К вечеру Скребцов доложил:
– В тоннелях дошли до кладки из камня.
Травин сказал:
– Кладку не трогать, это может быть захоронение вождя какого-то племени, после победы приедем вести раскопки.
Приковылял раненый сержант:
– Товарищ лейтенант, там внизу что-то журчит.
Травин, забыв про усталость, торопливо пошагал за сержантом.
Товарищ лейтенант, вот тут у кладки я лежал и слышал внизу шум воды.
Немедленно копать!
Метра через полтора наткнулись на куски обожженной глины, откопали трубу. Пробили в ней отверстие, а там бойко бежал ручеек. Травин приказал сделать запруду.
Черпали касками, котелками. Вода была ледяной и хрустальной. Травин догадался, куда исчез ручей впереди кургана. Значит, раньше люди жили тут оседло. Это крепостное сооружение. Кто делал керамические трубы? В Риме водопровод был в I веке, в Китае делали их на 1000 лет раньше. Значит, жили кочевники с высокой культурой земледелия, пришедшие с севера Китая. Травин позвал Скребцова и попросил: «Вот что, Федорович, наведи-ка тут порядок, организуй доставку воды. Заполни имеющиеся емкости. В котлах дырки забейте кляпами, заполните водой. Кухни разбиты. Раздать сухие пайки. Пусть варят в касках, в котелках, но люди должны быть сыты. На растопку пустите борта автомашин и будыли по оврагу. Огонь разводить осторожно. Маскировать. В окопах сверху накрывать плащ-палатками, шинелями. Проверю, чтобы ни одного огонька не видел. Варите, пока светло. Немцы скоро не очухаются. Нас тут боевых штыков пятьдесят семь человек, два десятка окруженцев подошло, но они истощены и обессилены. На них надежда плохая, все же в трудную минуту помогут, можно прибавить еще десяток легкораненых – все наше с тобой войско. Будем воевать. В трудную годину и родная земля против врага встанет. За тяжелоранеными чтобы был уход. Перед утром, когда немецкие посты будут дремать, поведешь ходячих раненых в тыл, тяжелораненых понесете столько, сколько сможете. Оружие с собой возьмете с полным боекомплектом. Если наскочите на немцев, в бой вступать по крайней необходимости и отходить, отходить к Волге. А сейчас – накормить людей и отдыхать».
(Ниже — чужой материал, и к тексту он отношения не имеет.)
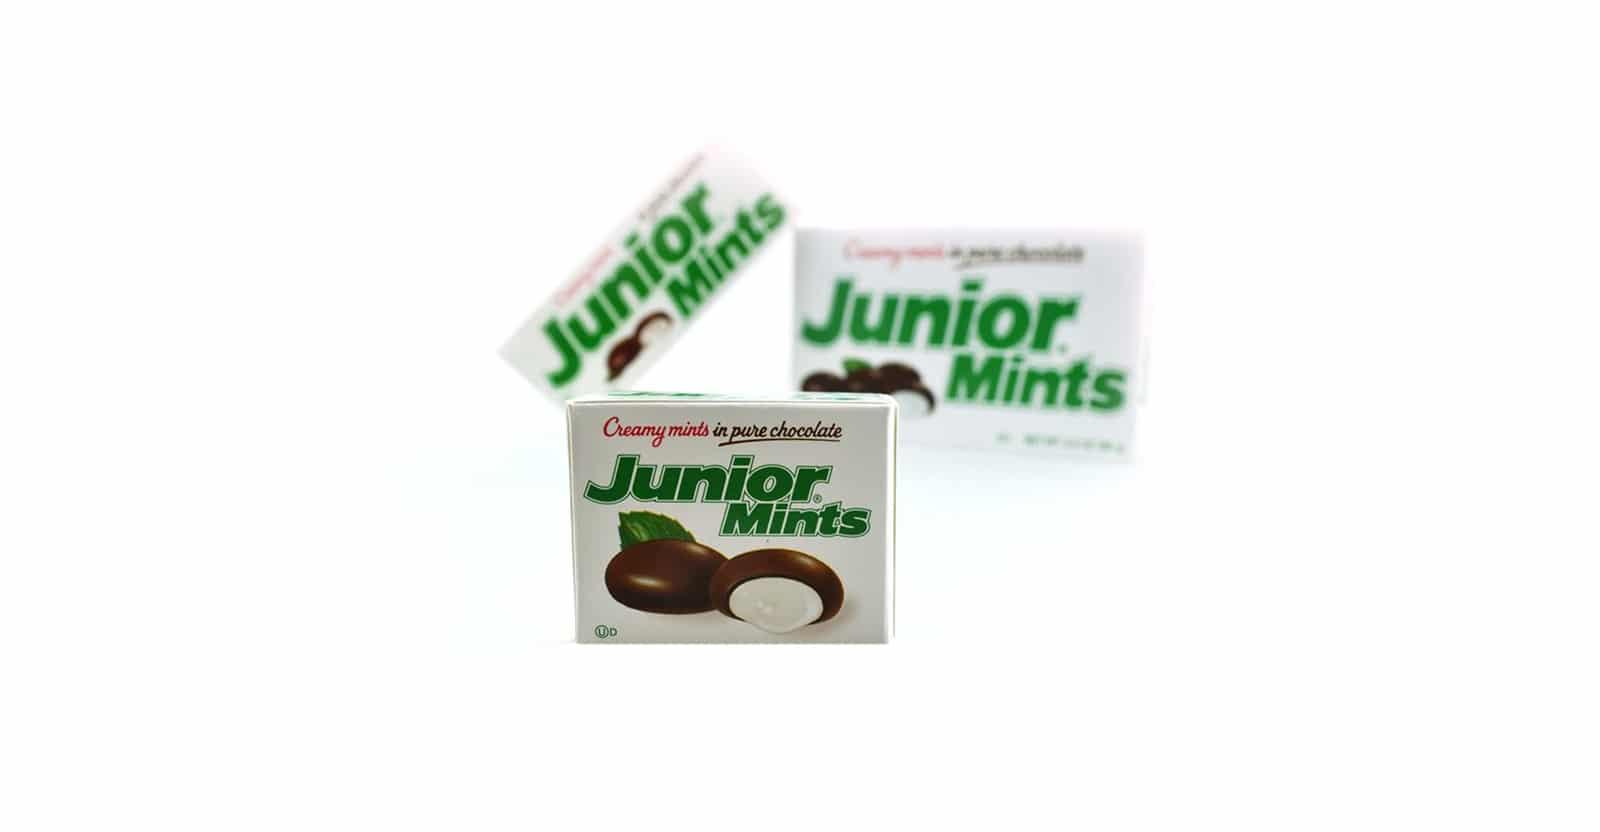 are junior mints gluten-free

После ужина Травин собрал оставшихся бойцов. Назначил вместо выбывших новых командиров взводов и отделений. В отделении осталось по три-четыре человека, а во взводах – десять-двенадцать. Травин предупредил: «Не расслабляться. После бессонных ночей и жестокого боя, бдительность терять нельзя. Замешкаешься – и фашисты, как курам на насесте, головы нам пооткручивают. До часа ночи спать, а после – подъем и бодрствовать. Не нравится мне эта тишина. Немцы не дураки, будут спешить, чтобы нас вышибить с высоты. Надо ждать ночной атаки… Какая она будет – неизвестно. Приказываю занять вторую и третью опоясывающие траншеи. В первой оставить дозоры. Быть группами по пять-шесть человек. Вооружиться немецкими автоматами и каждому по десятку ручных гранат. Саперные лопаты наточить как бритвы. В ближнем бою, в окопе, в темноте винтовки не пригодятся. На дальних подступах фашистов забрасывать гранатами. На ближних, при видимости – из автомата, а в соприкосновении – штыком, лопаткой и каской в рыло. Задача ясна? Не кваситься, мы победим!»
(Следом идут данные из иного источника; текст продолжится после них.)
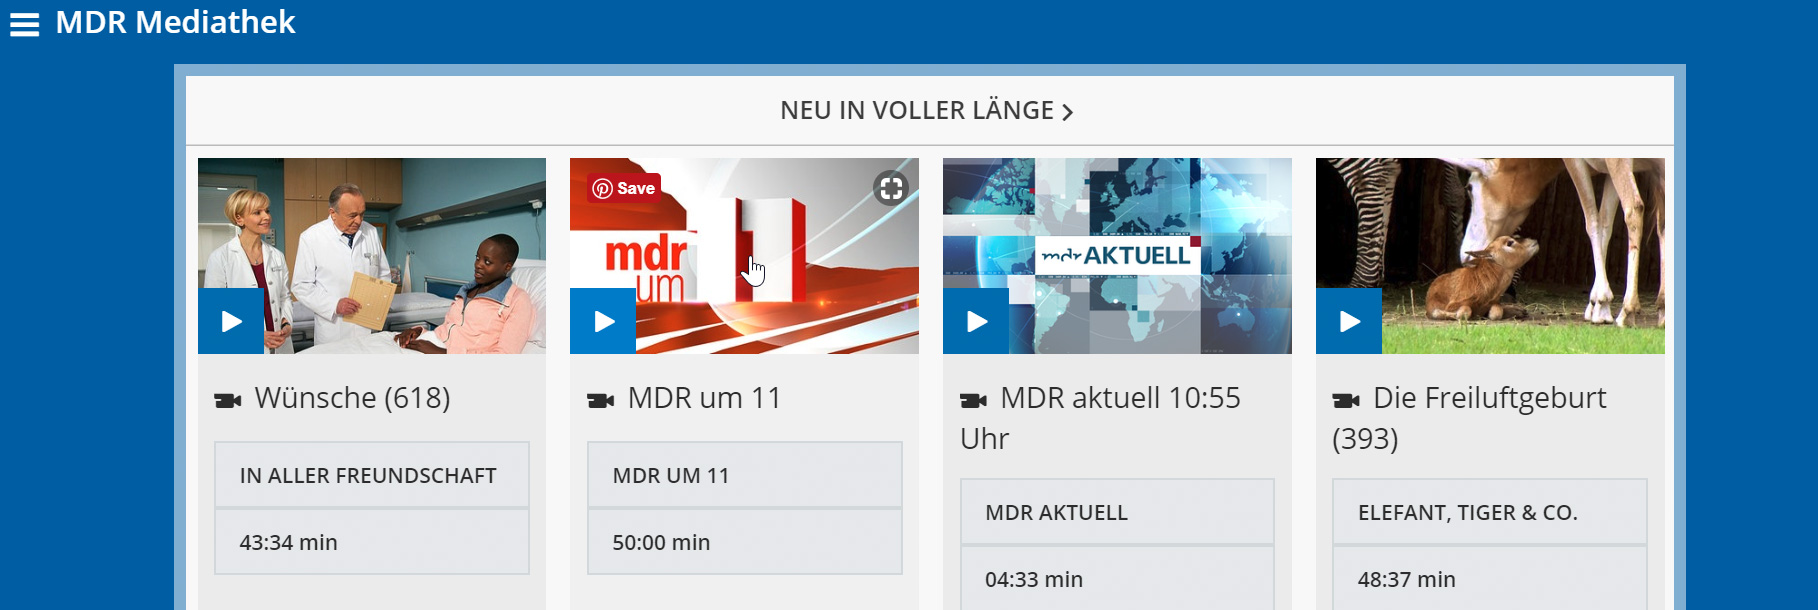 Mdr Mediathek Sendung Verpasst So Seht Ihr Sie Online Kinode

Поспав часа четыре, Травин пошел проверять посты. Некоторые клевали носом. Травин подходил и стучал ногтем по каске. Солдаты очумело вскакивали. Травин спрашивал: «Ну, что задремал? Считай, что фриц снял тебя ни за понюшку табаку и что напишут домой: пал смертью храбрых в бою, или что по слабости духа уснул, и немец пришлепнул. Вот то-то, вояка…».
По окопам быстро разнеслось: «Командир роты проверяет посты». Проснулись и те, кому было положено спать. Внизу встретил Скребцова.
– Александр Федорович, почему не отдыхаете?
Какой отдых, товарищ командир, вон сколько тяжелораненых. Если не вынести – не выдюжат. Спасать их надо. Носилок нет. Думаю тащить их на плащ-палатках. Другого выхода нет.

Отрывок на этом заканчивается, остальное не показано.